Columbia-Präsidentin Nemat "Minouche" Shafik hatte die Polizei selbst um Hilfe gebeten. "Ich habe diesen außergewöhnlichen Schritt unternommen, weil dies außergewöhnliche Umstände sind", schrieb sie in einer Mitteilung.
"Die Personen, die das Lager errichtet haben, haben gegen eine lange Liste von Regeln und Richtlinien verstoßen." Laut Berichten hat sich die Lage seitdem verschlimmert. Auf X kursieren Videos, die heftige antisemitische Äußerungen dokumentieren. In einem ist zu hören, wie Teilnehmende rufen: "We say justice, you say how? Burn Tel Aviv to the ground" (deutsch: "Wir sagen Gerechtigkeit, ihr sagt wie? Brennt Tel Aviv bis auf den Grund nieder").
Studierenden, so macht es in vielen Videos den Eindruck, wird der Zugang zum Uni-Gelände verweigert. Auf Social-Media tummeln sich Vergleiche mit der NS-Zeit. Auch damals wurden jüdische Studierende am Betreten der Universitäten gehindert.
Ein Rabbi hat seine jüdischen Studierenden mittlerweile sogar vor dem Columbia-Campus gewarnt. Wie mehrere US-Medien übereinstimmend berichteten, schrieb Rabbi Elie Buechler: "Es schmerzt mich zutiefst, Ihnen sagen zu müssen, dass ich Ihnen dringend empfehle, so schnell wie möglich nach Hause zurückzukehren und dort zu bleiben, bis sich die Lage auf dem Campus und in der Umgebung dramatisch verbessert hat."

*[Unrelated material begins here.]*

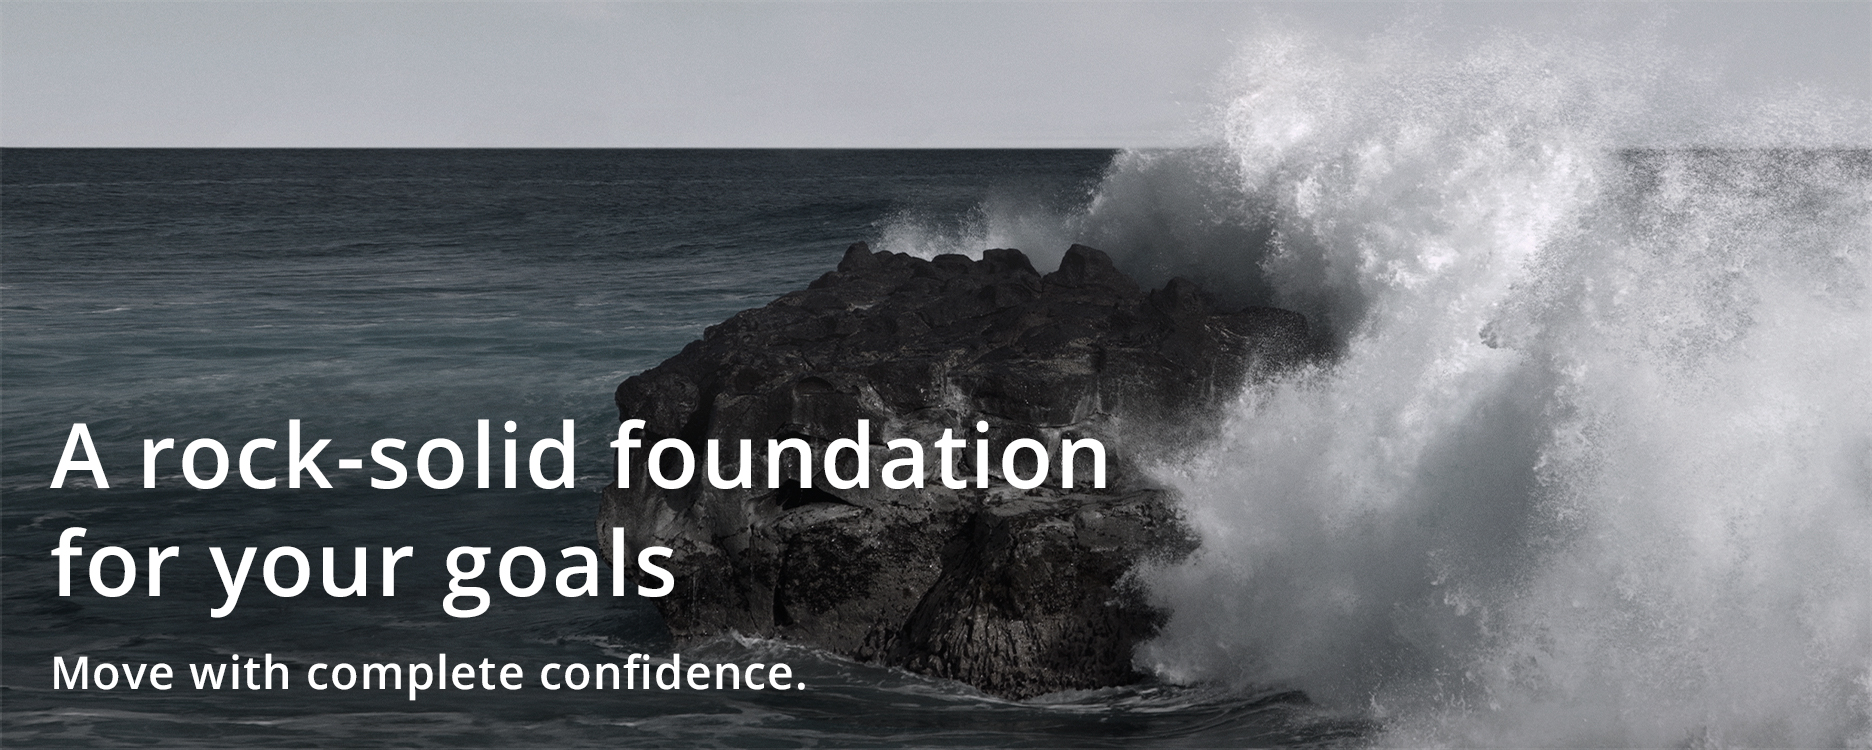 A rock-solid foundation for your goals

Aus Sicht des Rabbis zeigten die Ereignisse auf dem Campus der Columbia-Uni, dass weder die Universität noch die Polizei für die Sicherheit jüdischer Studierender garantieren könnten. Auch an anderen Universitäten der USA ist die Lage für jüdische Studierende offenbar angespannt. Die "Jerusalem Post" berichtet etwa von einer Studentin, der bei von Demonstrierenden eine Fahnenstange ins Auge gestoßen wurde.
Sahar Tartak und ihr Freund seien daran gehindert worden, die Demonstrationen per Video zu dokumentieren. Tartak sei in ein Krankenhaus gebracht und versorgt worden. Auf den Campus traut sich die Jüdin vorerst nicht zurück, sagt sie im Gespräch mit der Zeitung.
US-Präsident Joe Biden hat mittlerweile Stellung zu den Ereignissen an US-Unis bezogen. Dabei nannte er die Columbia University aber nicht beim Namen. "Selbst in den vergangenen Tagen haben wir Schikanen und Aufrufe zur Gewalt gegen Juden erlebt", hieß es in einer Mitteilung. "Dieser unverhohlene Antisemitismus ist verwerflich und gefährlich – und er hat auf dem Campus oder irgendwo in unserem Land absolut keinen Platz."
Gegen Antisemitismus müsse man seine Stimme erheben, betonte Biden. "Schweigen ist Mittäterschaft", stellte er klar.